Your goal: Pictures are to be left out; every line from the one with "Before and After" through the end of the data must be transcribed exactly.

Material provided:
-*-

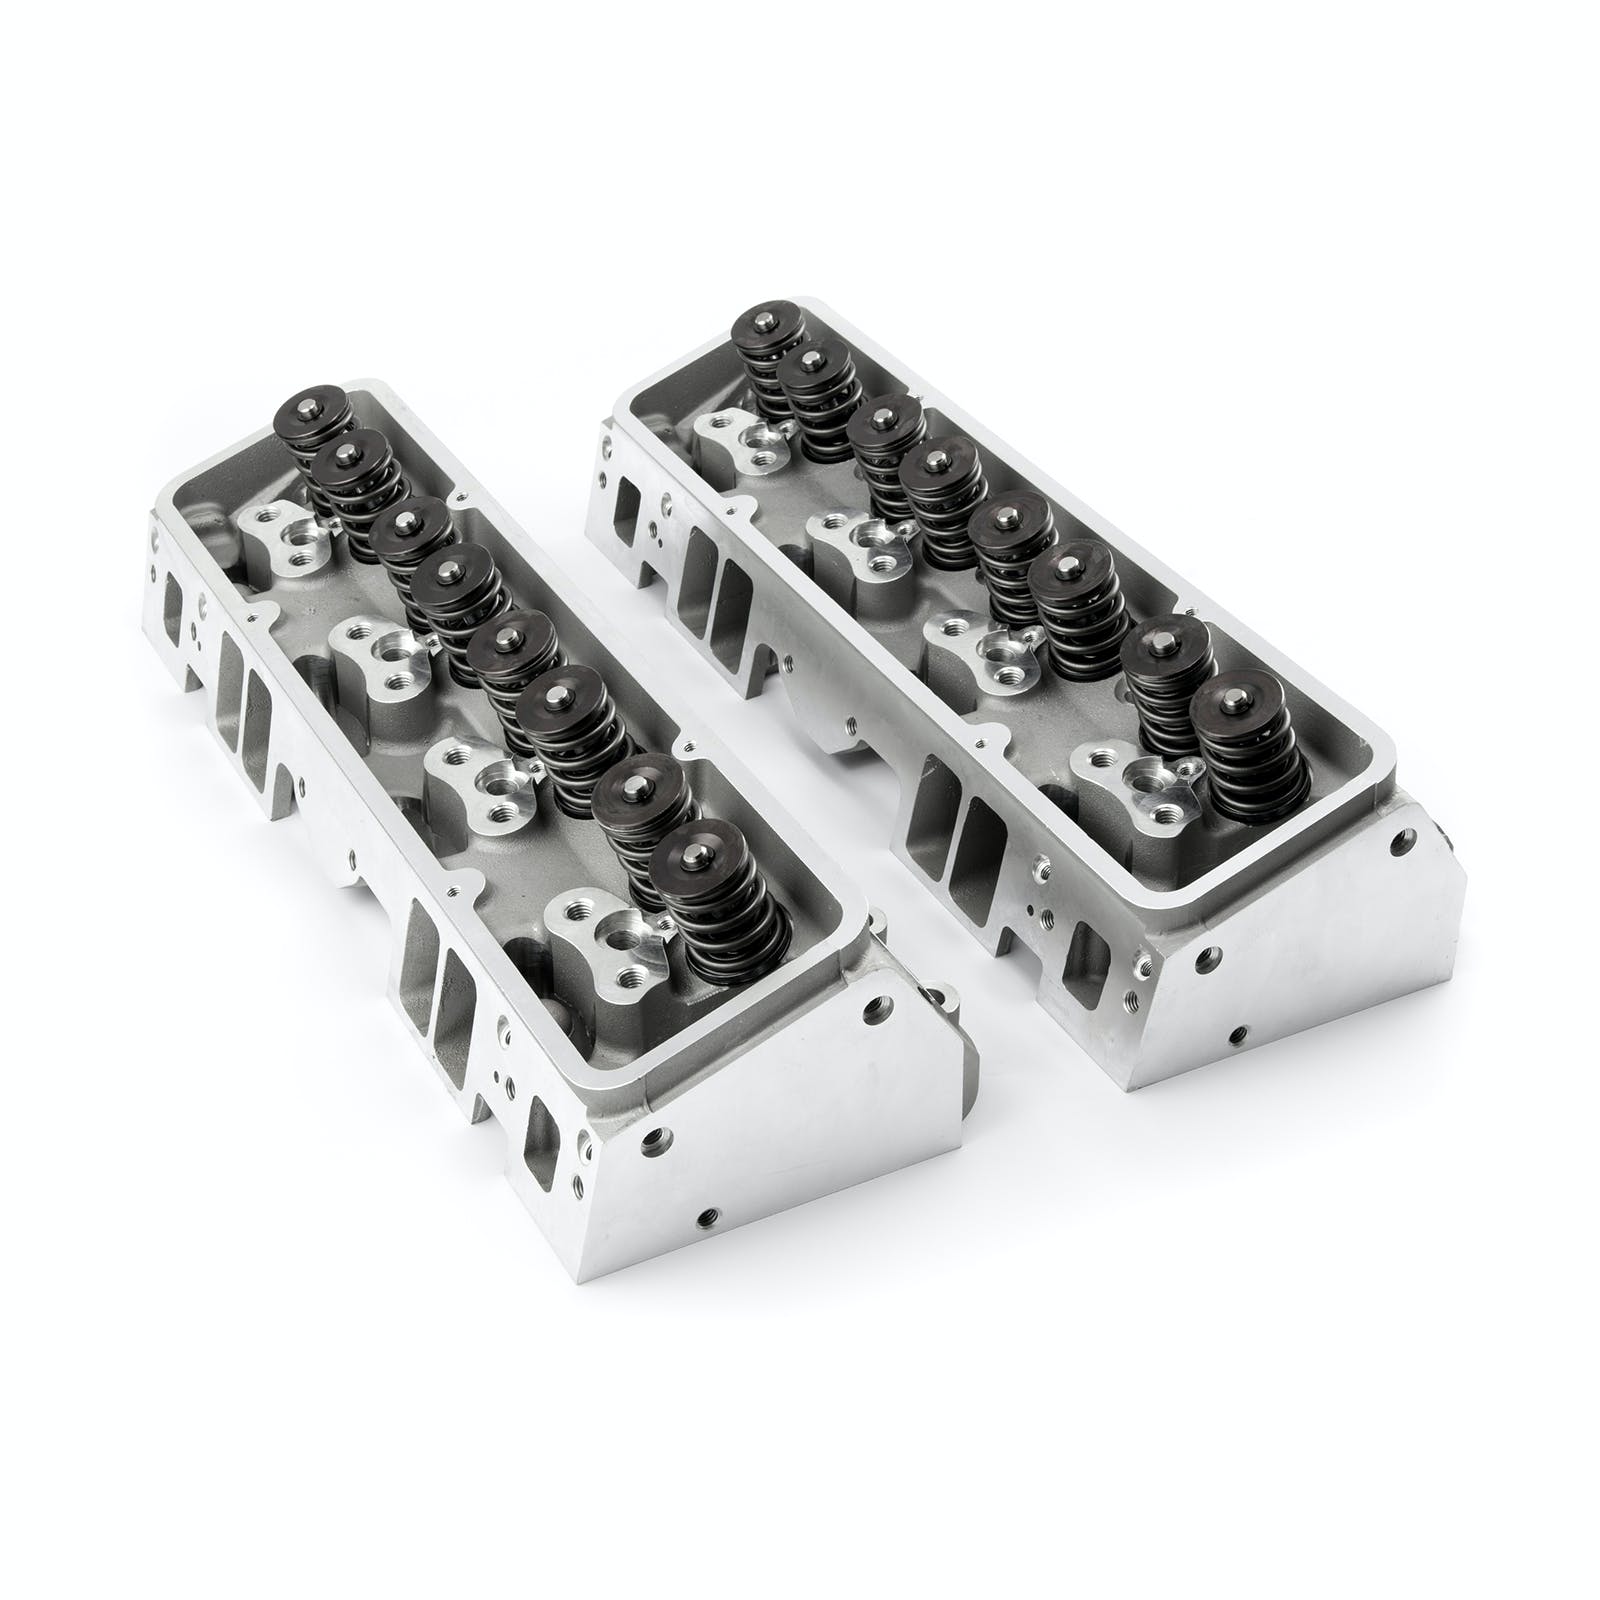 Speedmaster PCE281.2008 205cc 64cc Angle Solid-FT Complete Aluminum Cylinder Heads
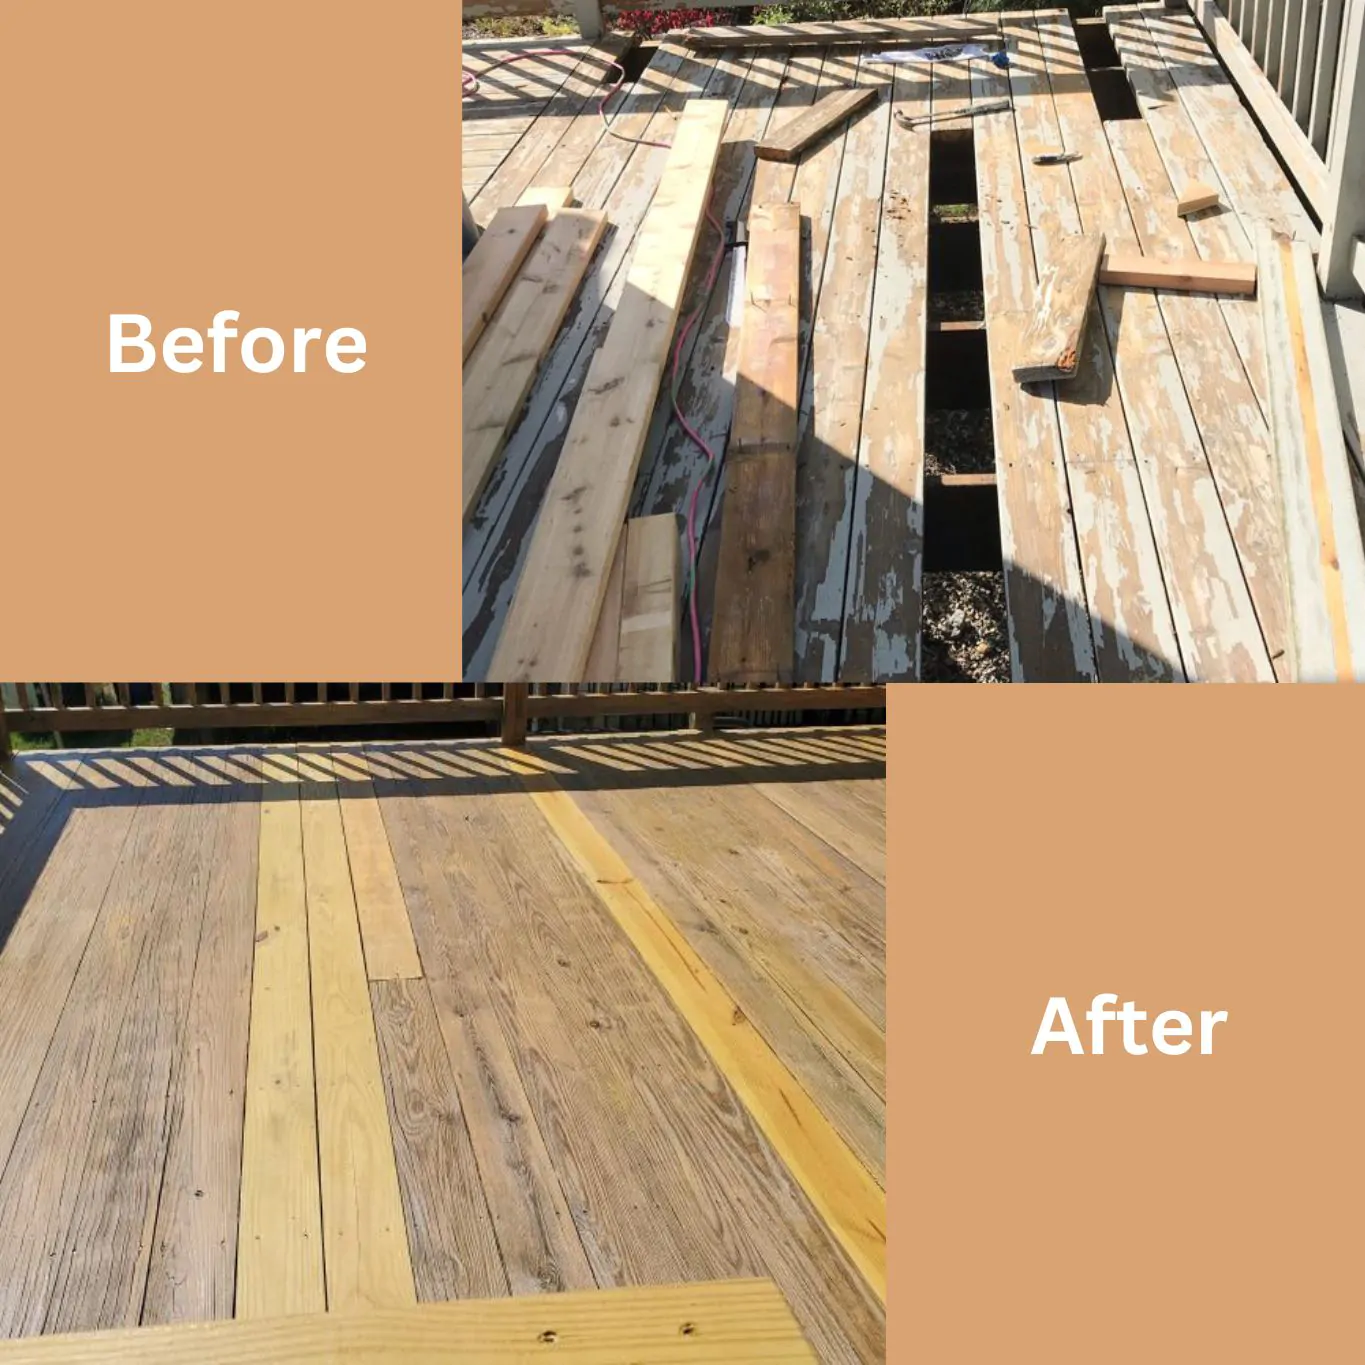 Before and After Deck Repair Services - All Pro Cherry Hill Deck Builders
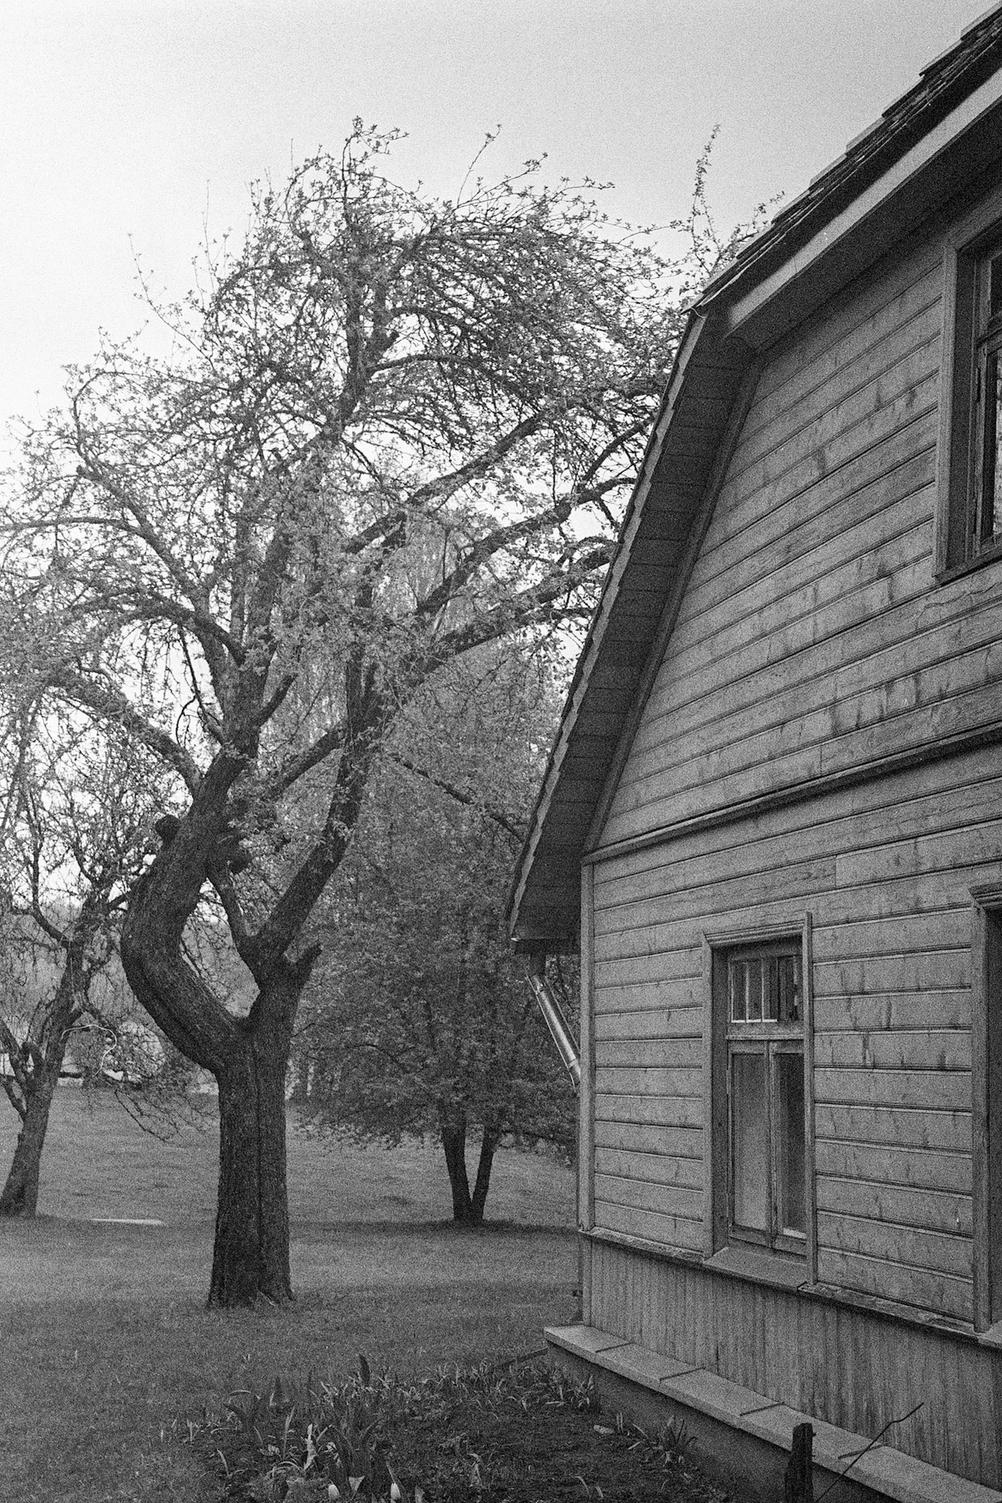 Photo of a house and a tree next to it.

-*-

Response area:
 Before and After Deck Repair Services - All Pro Cherry Hill Deck Builders
 Photo of a house and a tree next to it.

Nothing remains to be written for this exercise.